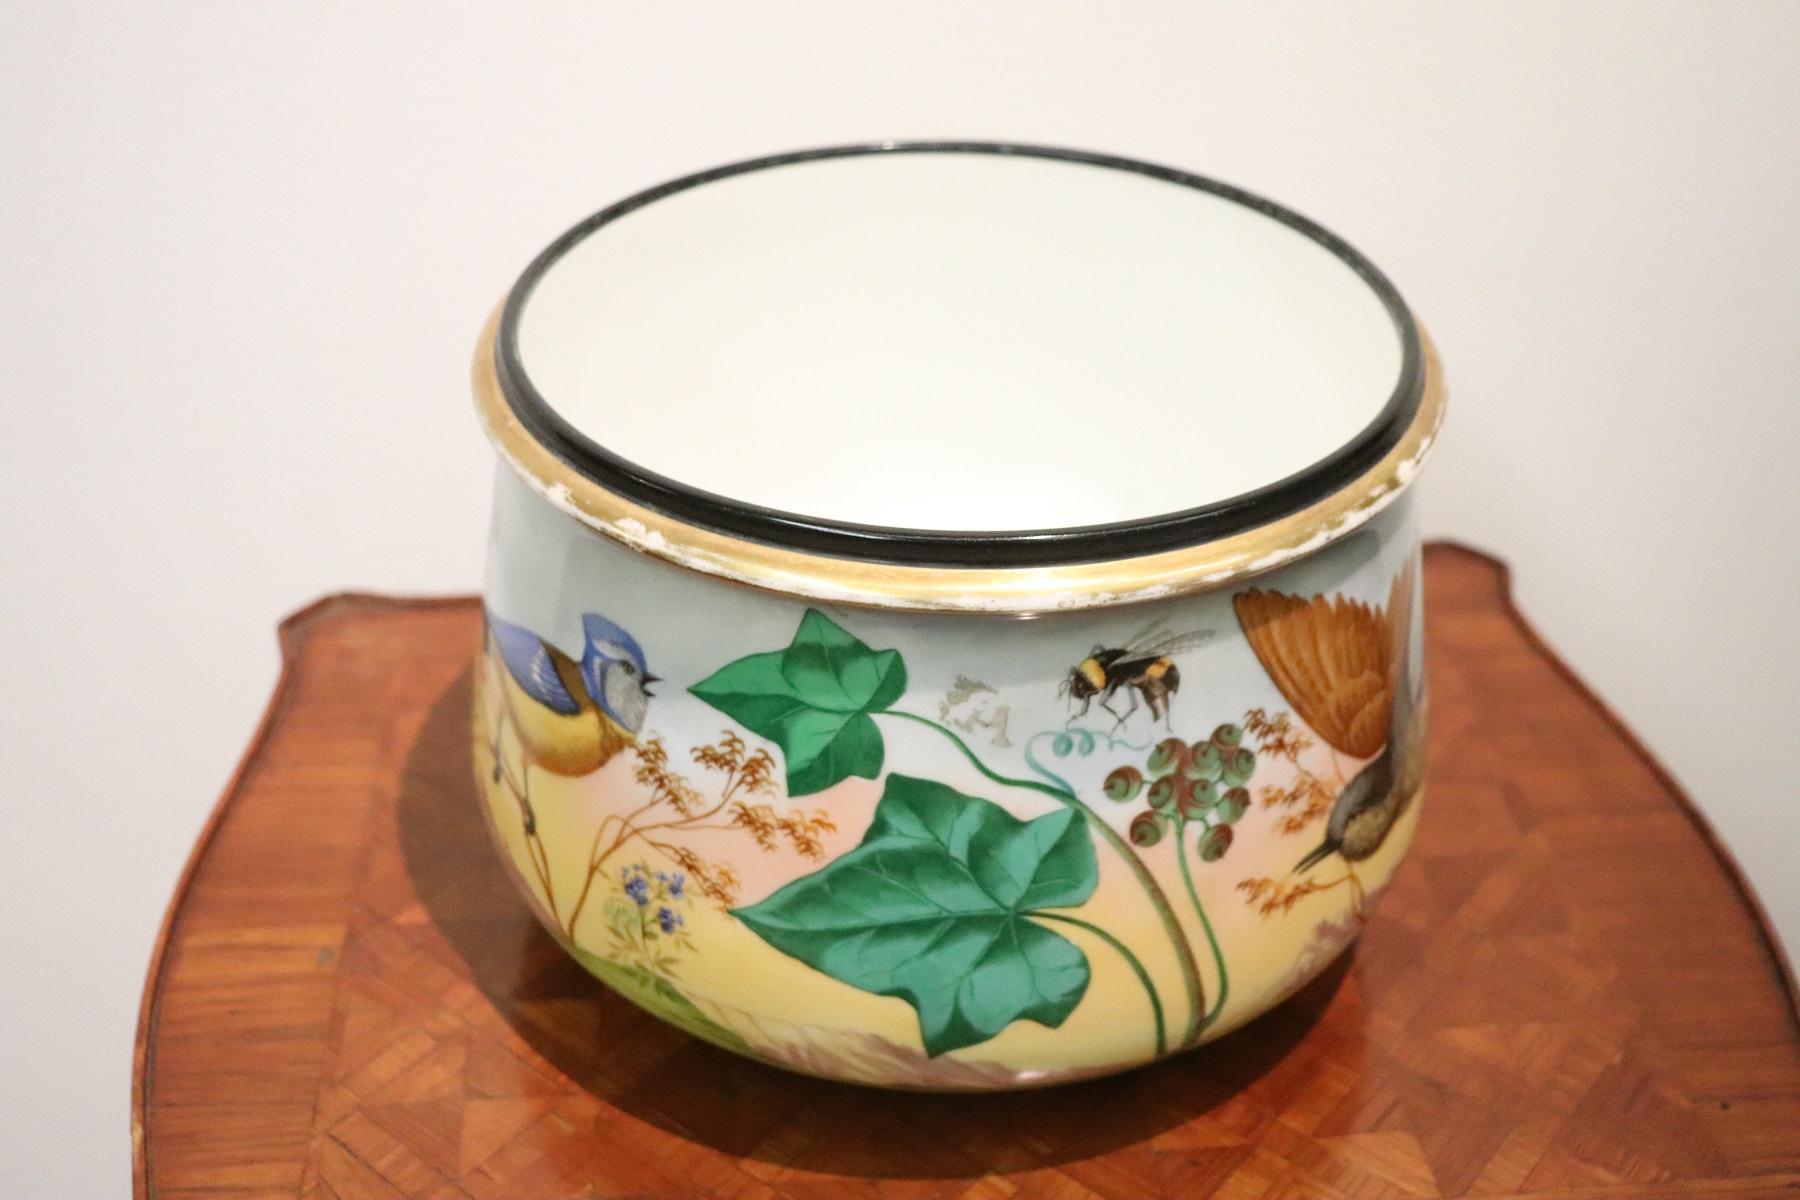 20th Century Art Nouveau Hand Painted Ceramic Vase, 1920s (Keramik)
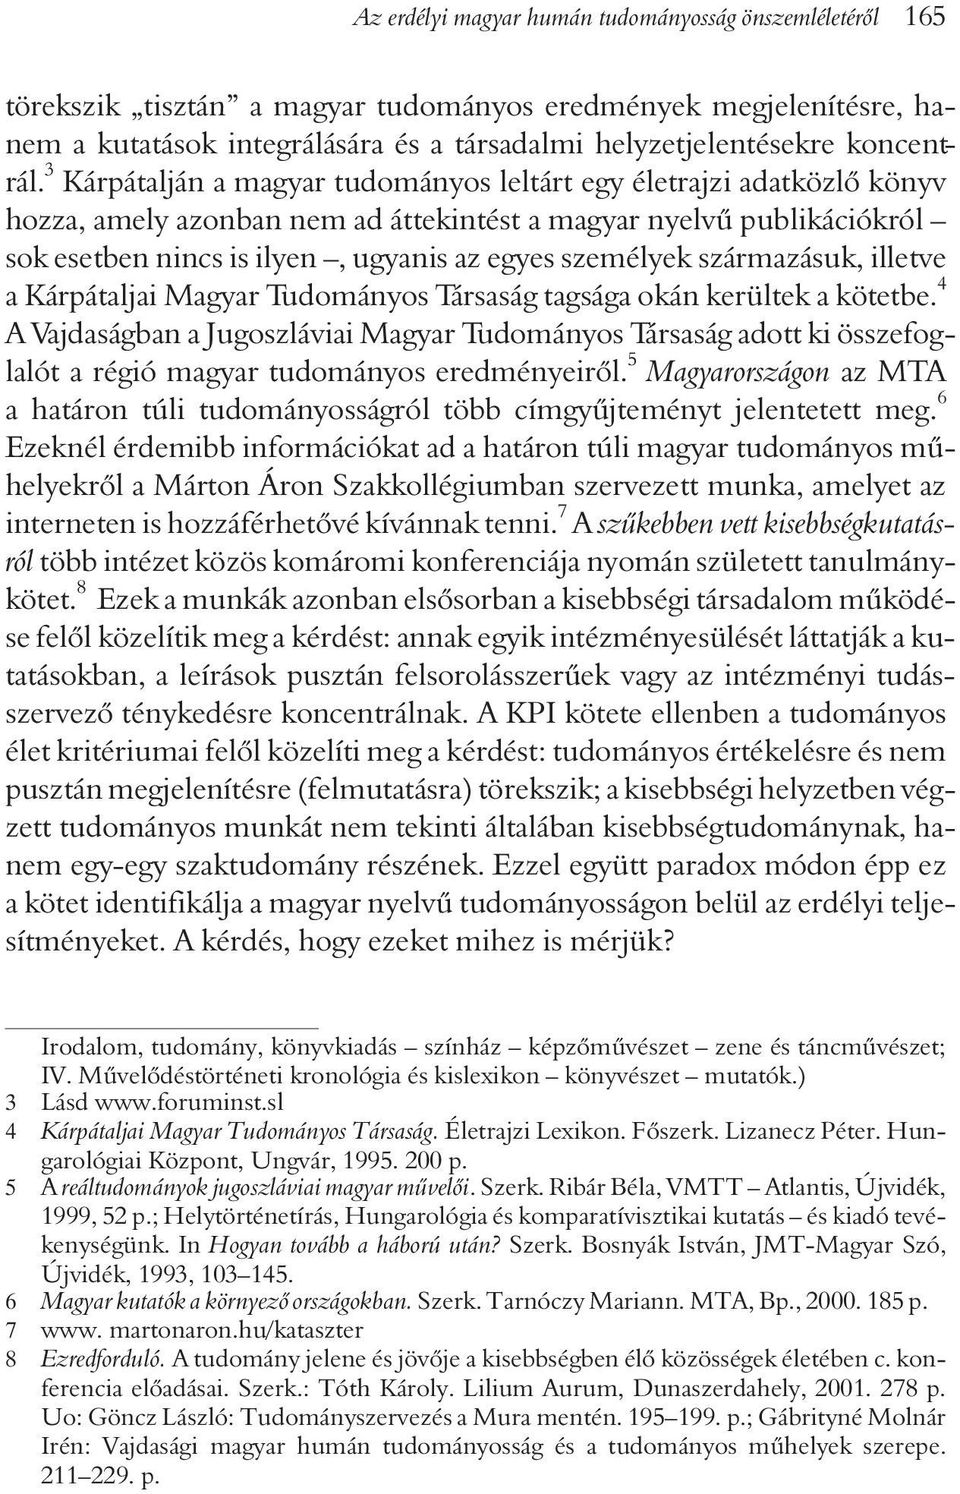 3 Kárpátalján a magyar tudományos leltárt egy életrajzi adatközlõ könyv hozza, amely azonban nem ad áttekintést a magyar nyelvû publikációkról sok esetben nincs is ilyen, ugyanis az egyes személyek
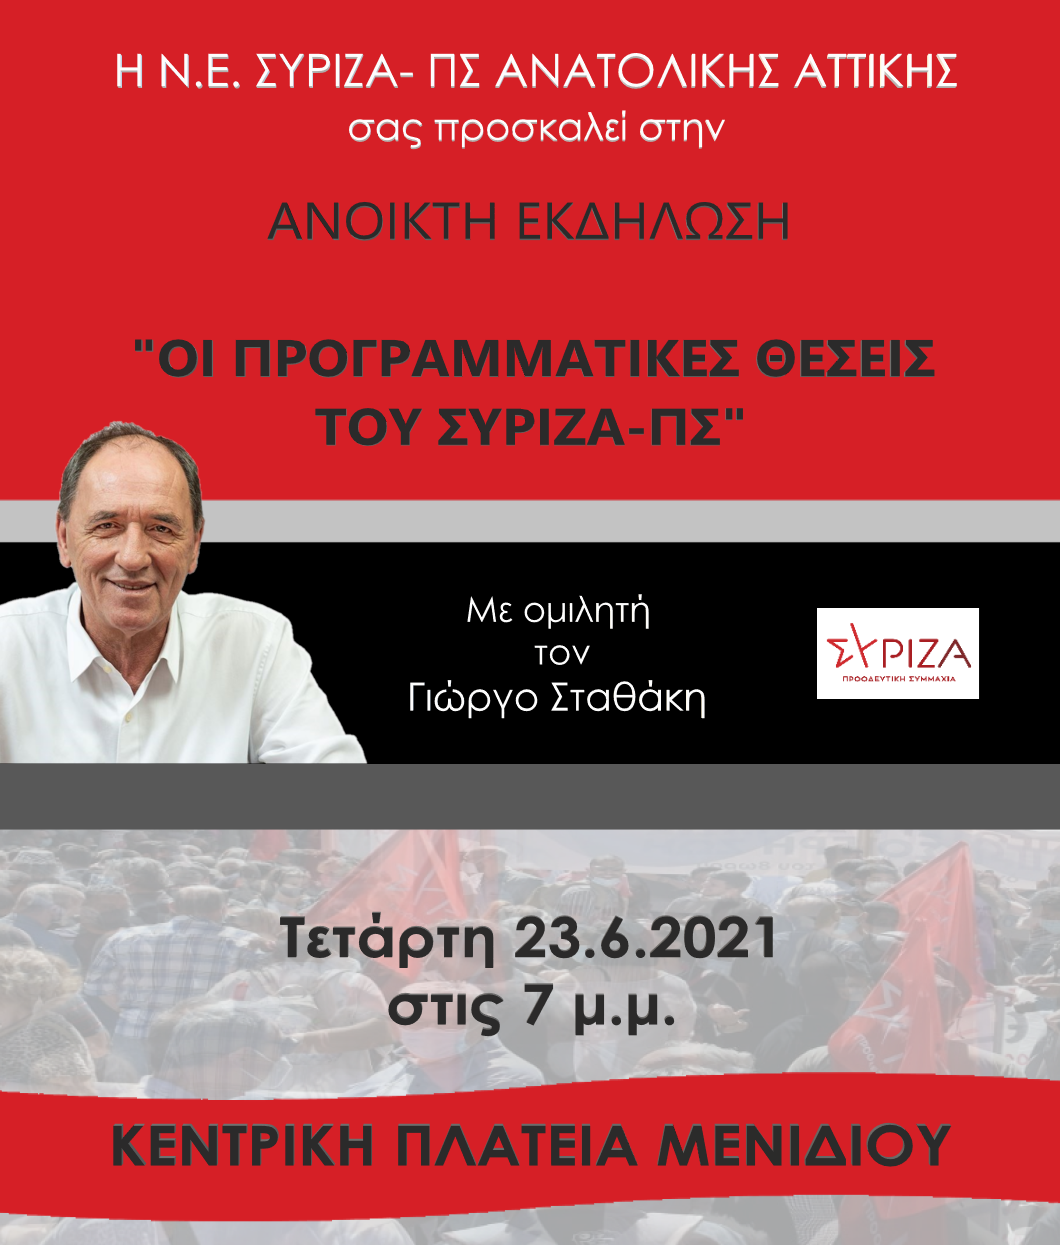 Ανοικτή Εκδήλωση του ΣΥΡΙΖΑ-ΠΣ Ανατολικής Αττικής στις 23 Ιουνίου στο Μενίδι  με ομιλητή το Γιώργο Σταθάκη
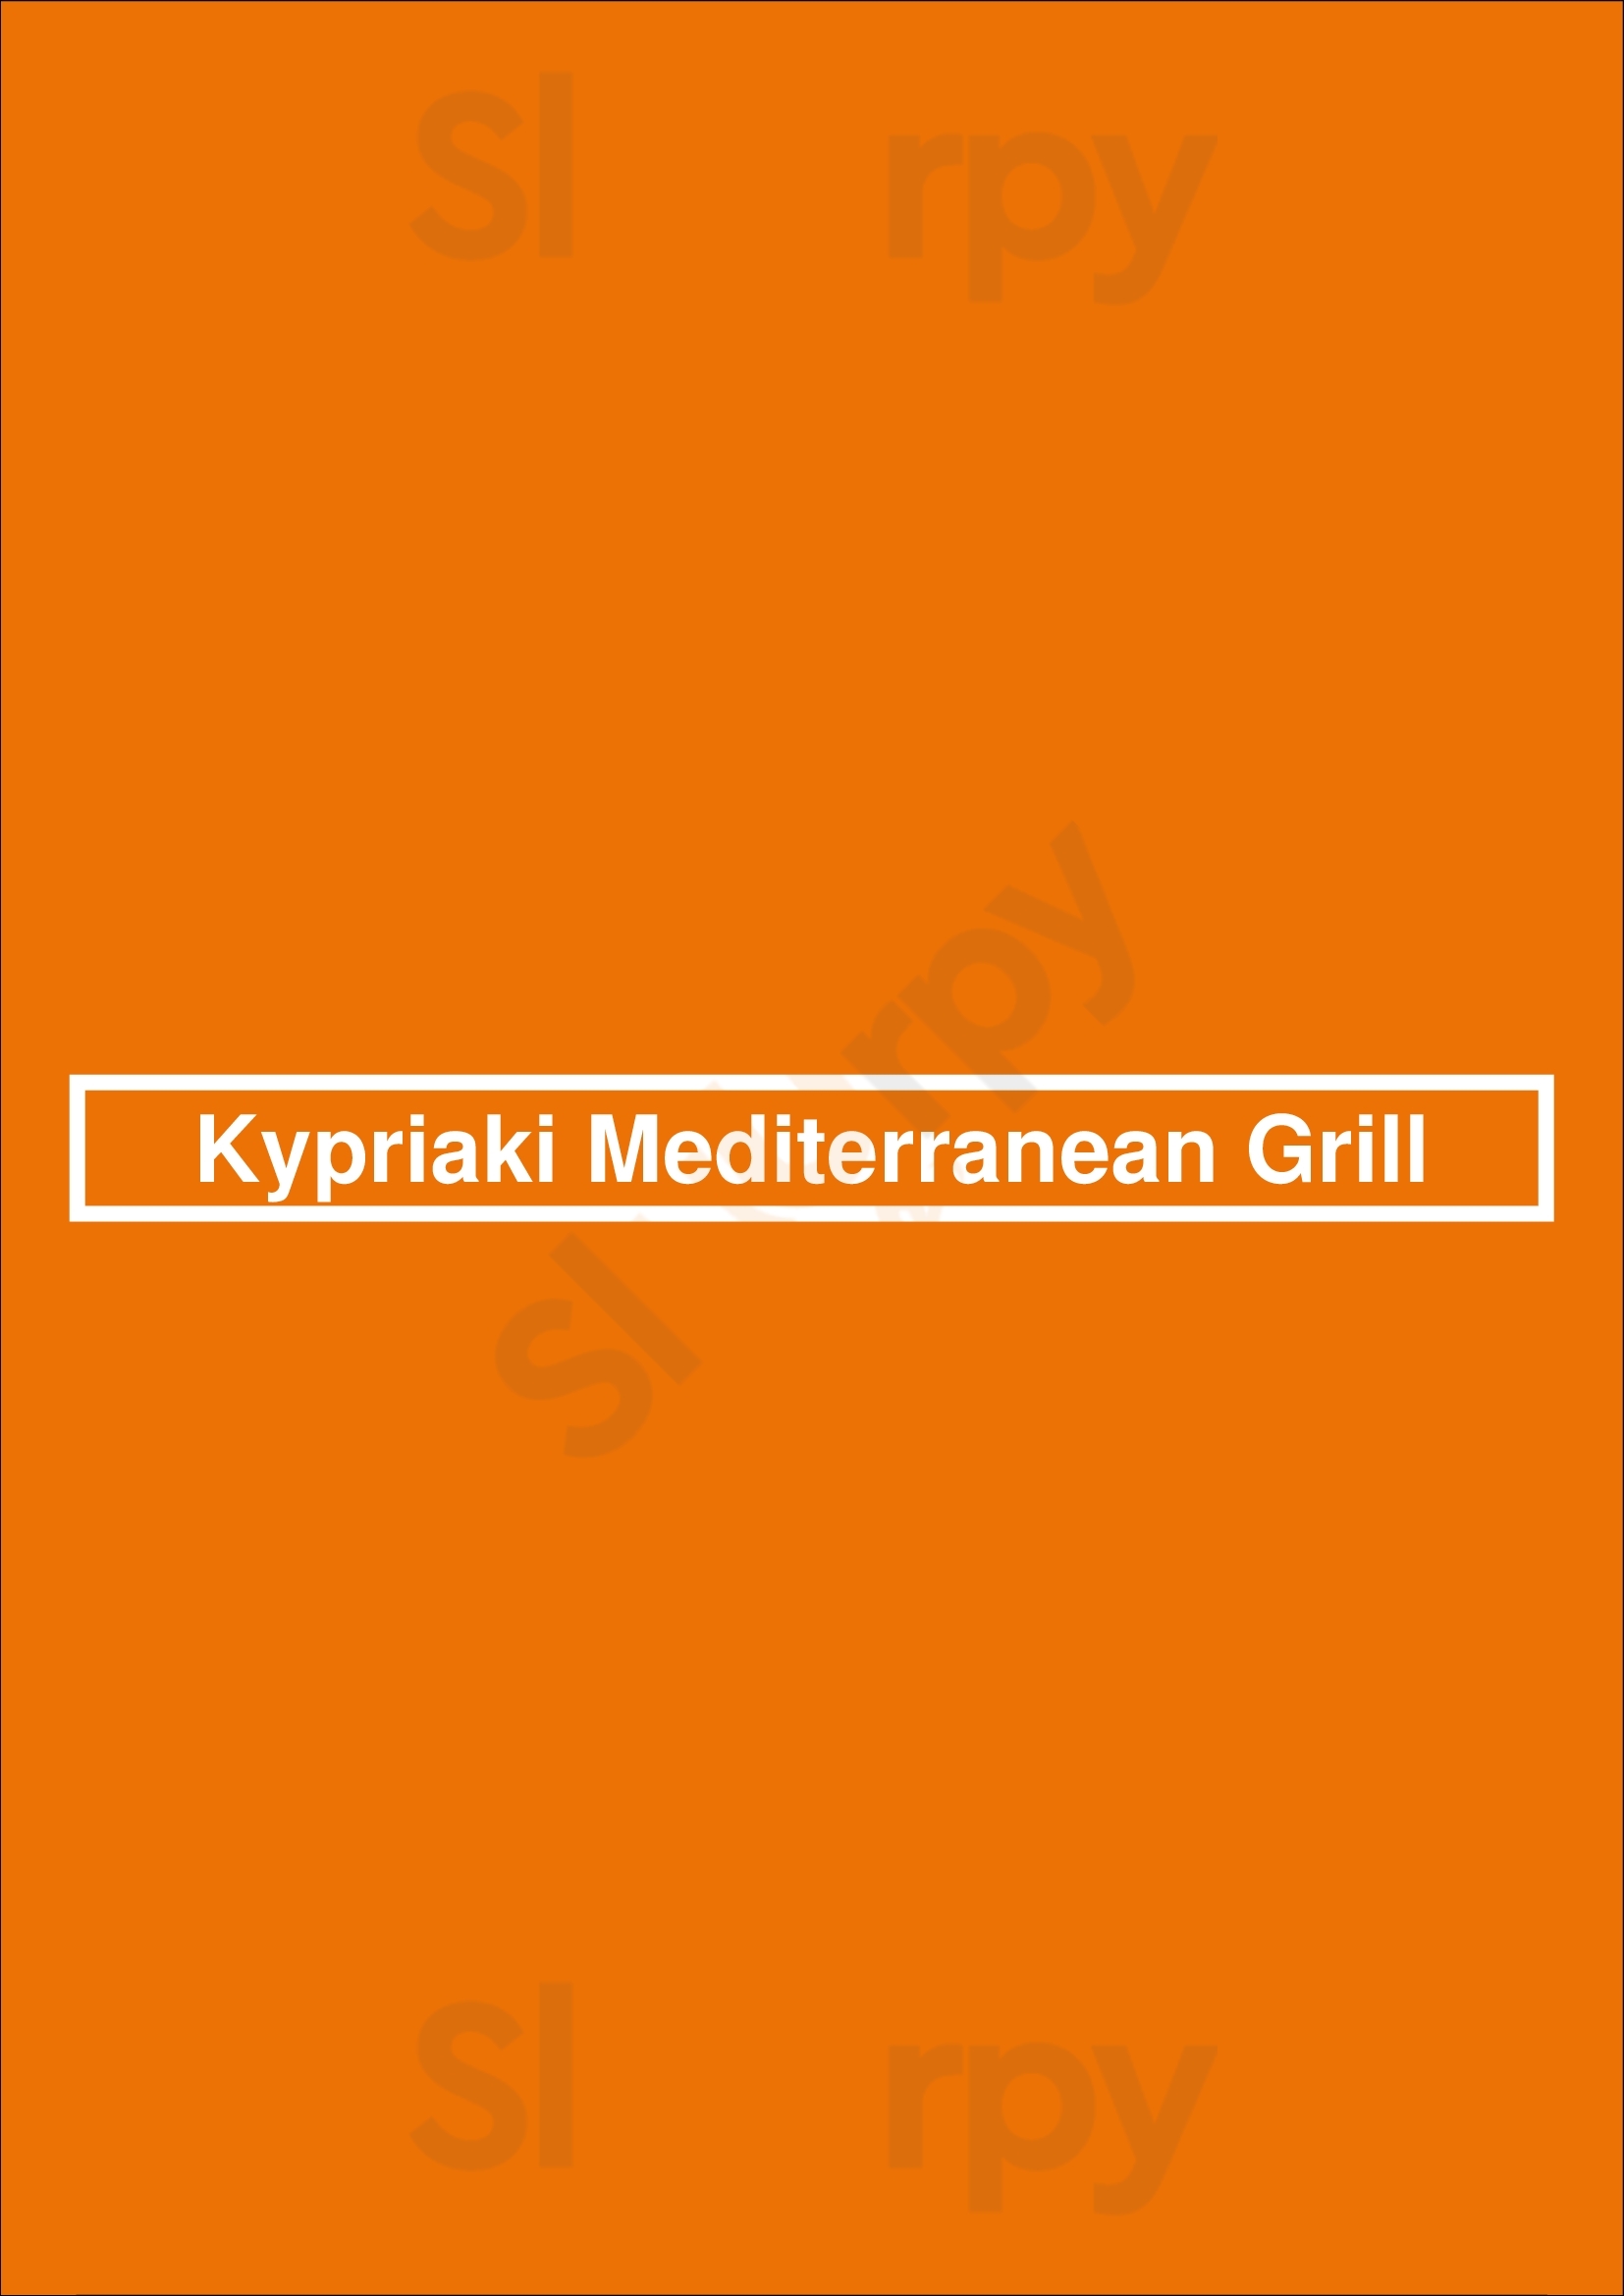 Kypriaki Mediterranean Grill North Vancouver Menu - 1

■ ■ ■ ■ ■

**Task statement:** Beginning at the line that contains "Ανοικτή Εκδήλωση του", retype each line of the data above through the very last one. Do not retype the pictures.

**Result of the exercise:**
 Ανοικτή Εκδήλωση του ΣΥΡΙΖΑ-ΠΣ Ανατολικής Αττικής στις 23 Ιουνίου στο Μενίδι  με ομιλητή το Γιώργο Σταθάκη
 Kypriaki Mediterranean Grill North Vancouver Menu - 1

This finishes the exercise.